Long context means skipping retrieval entirely and pasting the whole corpus into the prompt every time. Modern models have context windows large enough that for a small, stable body of text (a single handbook, one contract, a product’s documentation) this is genuinely the simplest correct choice. No vector database, no chunking, and nothing that can fail in retrieval because there is no retrieval. It stops working when the corpus is too big to fit, or large enough that paying for those tokens on every single query gets expensive, or when “lost in the middle” starts eating your accuracy. RAG is the answer to “the corpus no longer fits, or no longer fits cheaply.”

In practice these compose rather than compete. A mature system might fine-tune a model so it reliably answers in the right format and grounds itself in provided context, then use RAG to feed it current, attributable facts at query time. “RAG vs fine-tuning” is a false choice; “knowledge gap vs behavior gap” is the real distinction, and a system can have both.

7. When to reach for RAG, and where to go next

Reach for RAG when the gap is knowledge: the model needs facts it doesn’t have, those facts are too large or too fresh to bake into the model, and ideally you want answers traceable back to a source. That is the shape of problem RAG fits. Private document Q&A, support systems grounded in a knowledge base, anything answering questions about a corpus that changes faster than model releases do.

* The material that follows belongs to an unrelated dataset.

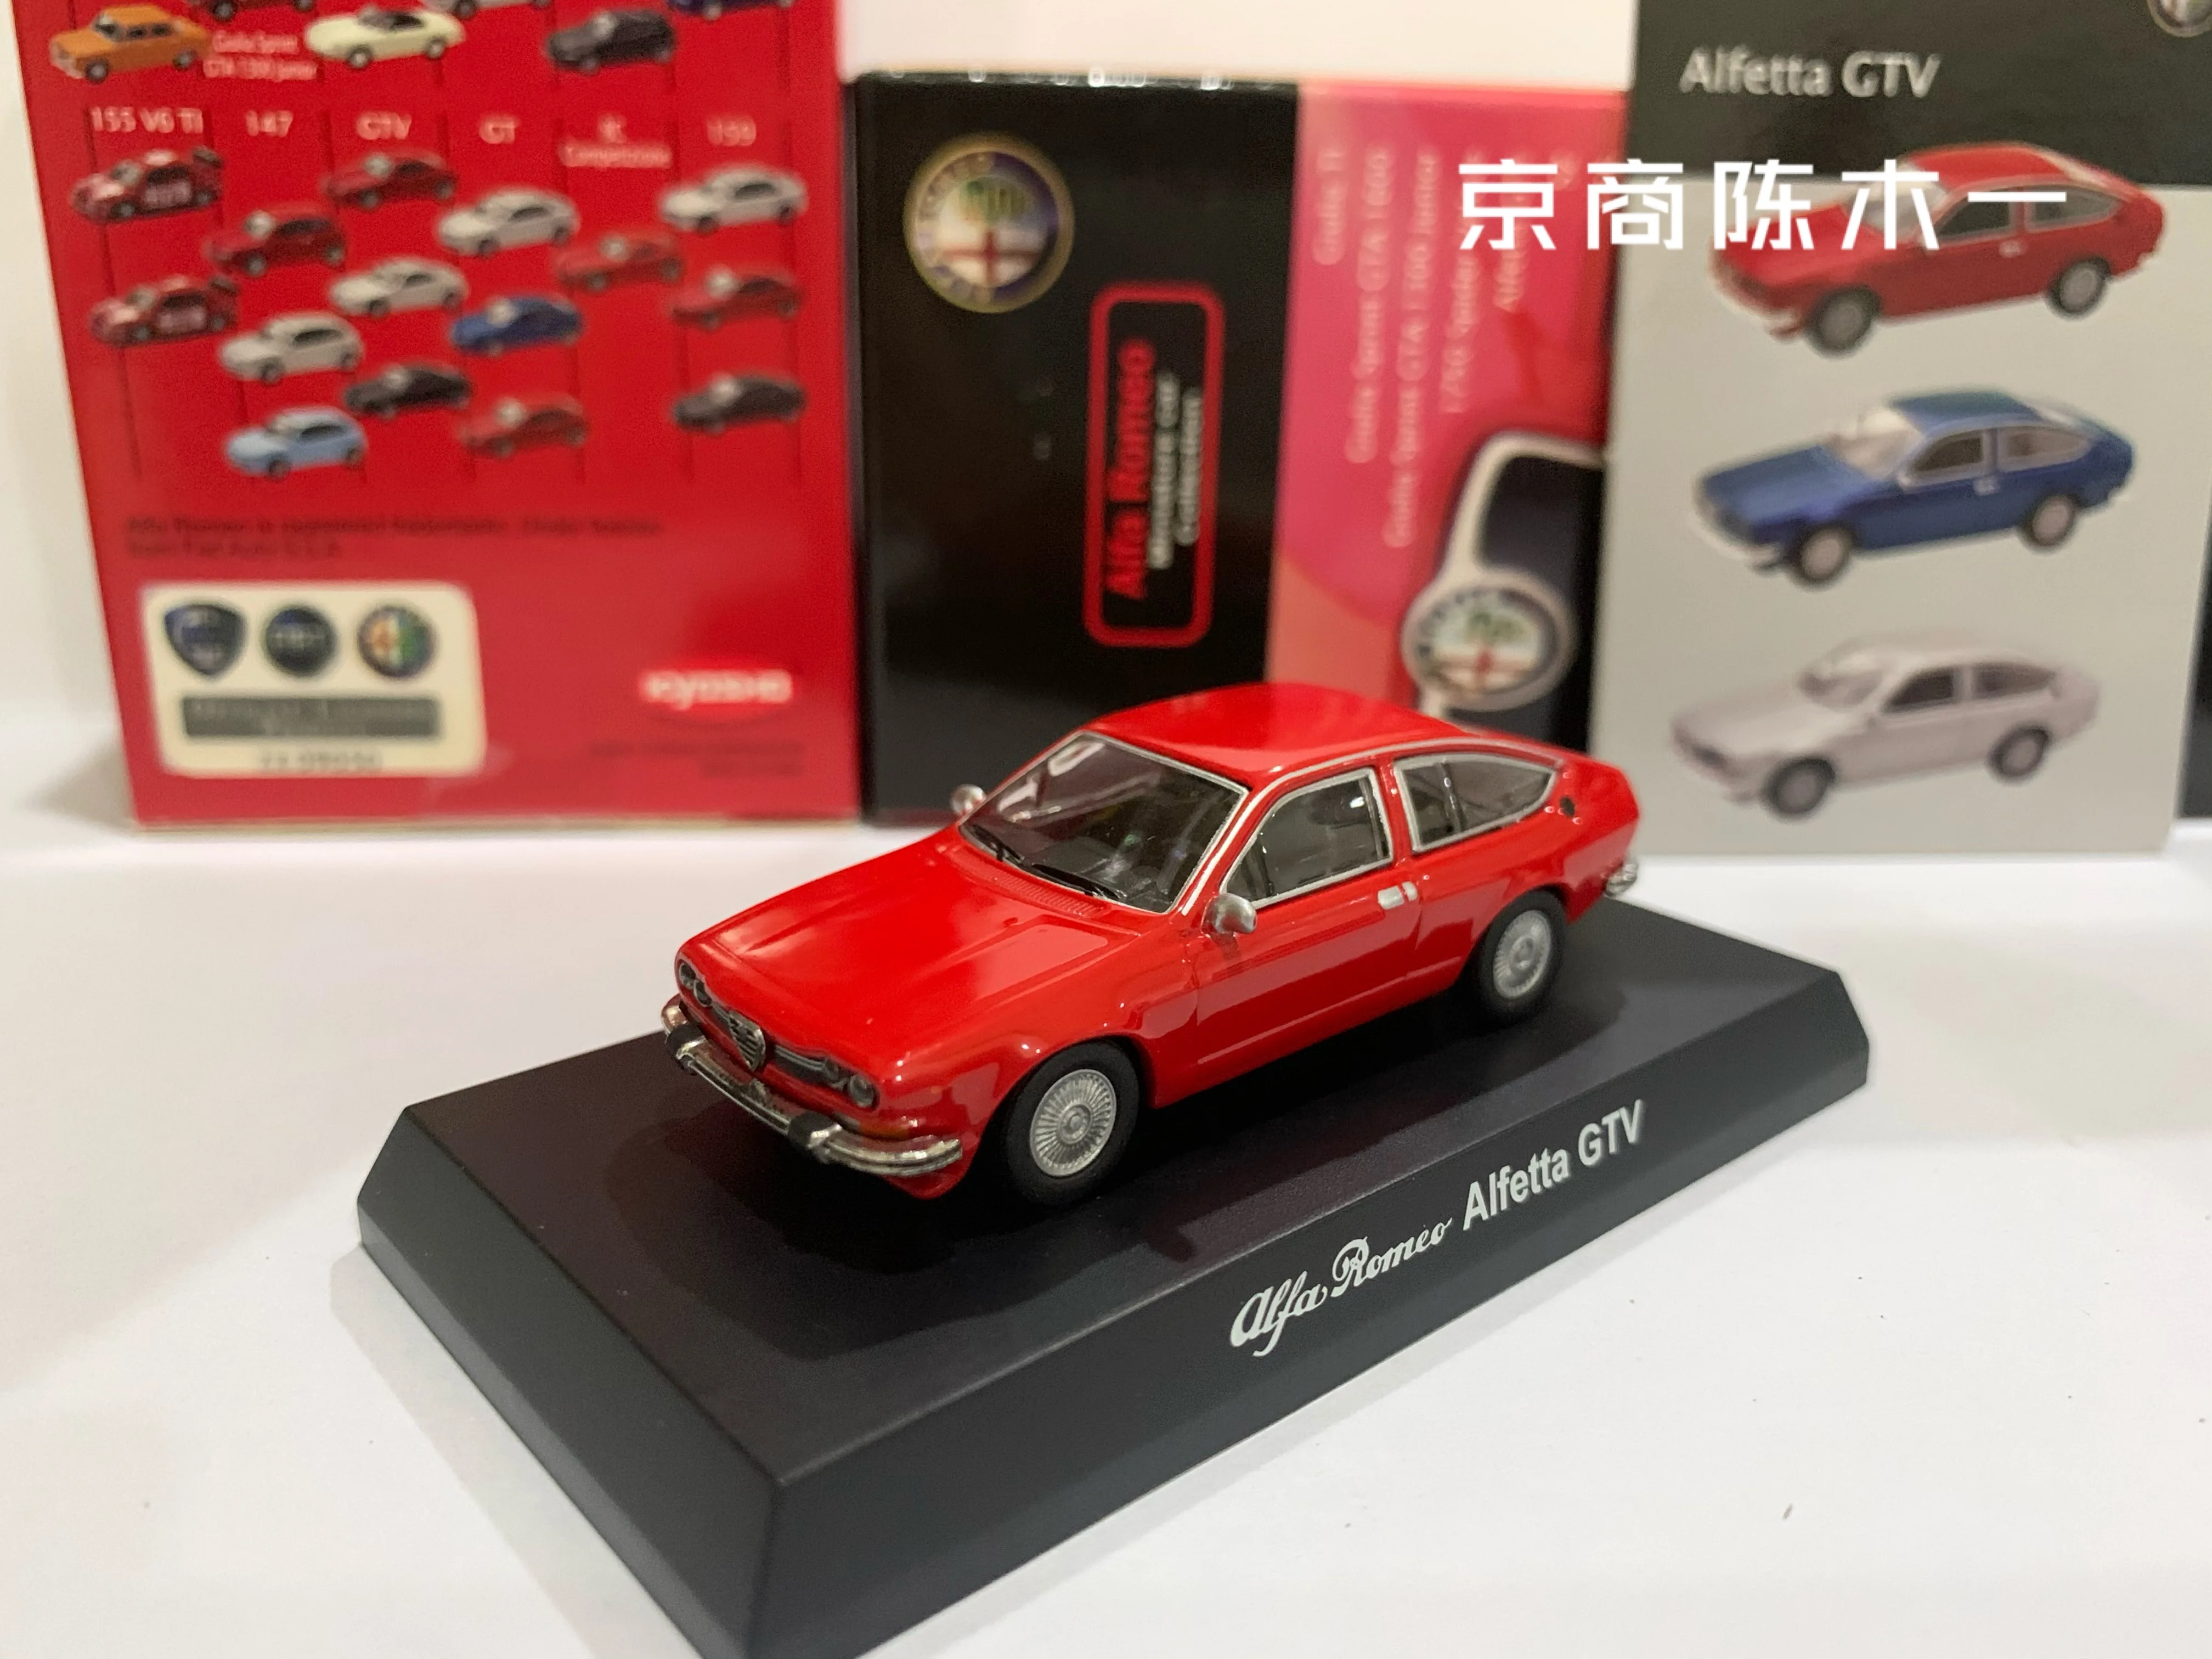 مجموعة كيوشو ألفا روميو ألفيتا GTV لعام 1/64 من ألعاب نماذج تزيين السيارات المصنوعة من سبيكة الصب

Don’t reach for RAG when the problem isn’t actually about missing knowledge. If the model reasons poorly on your task, RAG won’t help; that’s a model-capability gap. If you need a particular tone or output format, that’s fine-tuning’s job. If your corpus is small and stable, long context is simpler and has fewer failure modes. And if the model already knows the material well (general programming questions, common knowledge) RAG just adds latency, infrastructure, and new ways to fail in exchange for nothing. RAG is not free. It’s a retrieval pipeline you now own, operate, and debug.

This post stopped at the core pipeline on purpose, because the core pipeline is where most real systems live and most real problems start. But it is worth knowing what’s past it, if only by name. Reranking runs a second, more expensive model over the top-k retrieved passages to reorder them by relevance, catching cases where pure vector similarity ranked the wrong passage first. Hybrid search combines vector similarity with old-fashioned keyword search, which is still better at exact matches like error codes, names, and identifiers that embeddings tend to blur. Evaluation is the practice of measuring retrieval and answer quality systematically instead of by spot-checking, and given how quietly RAG fails (section 5), it is less optional than it sounds. GraphRAG and related approaches retrieve over a structured knowledge graph rather than a flat pile of chunks, which helps with questions that need to connect facts across multiple documents.

Each of those is a refinement of the same two-phase mechanism, not a replacement for it. The idea underneath stays the one from section 1: find the relevant text, put it in front of the model, let the model answer from it. Get retrieval right, measure it honestly, and be clear-eyed about the gap RAG actually closes. The hype around RAG oversells it as a way to make models smarter, which it isn’t. What it does is make sure a capable model is looking at the right page, and that turns out to be worth a great deal on its own.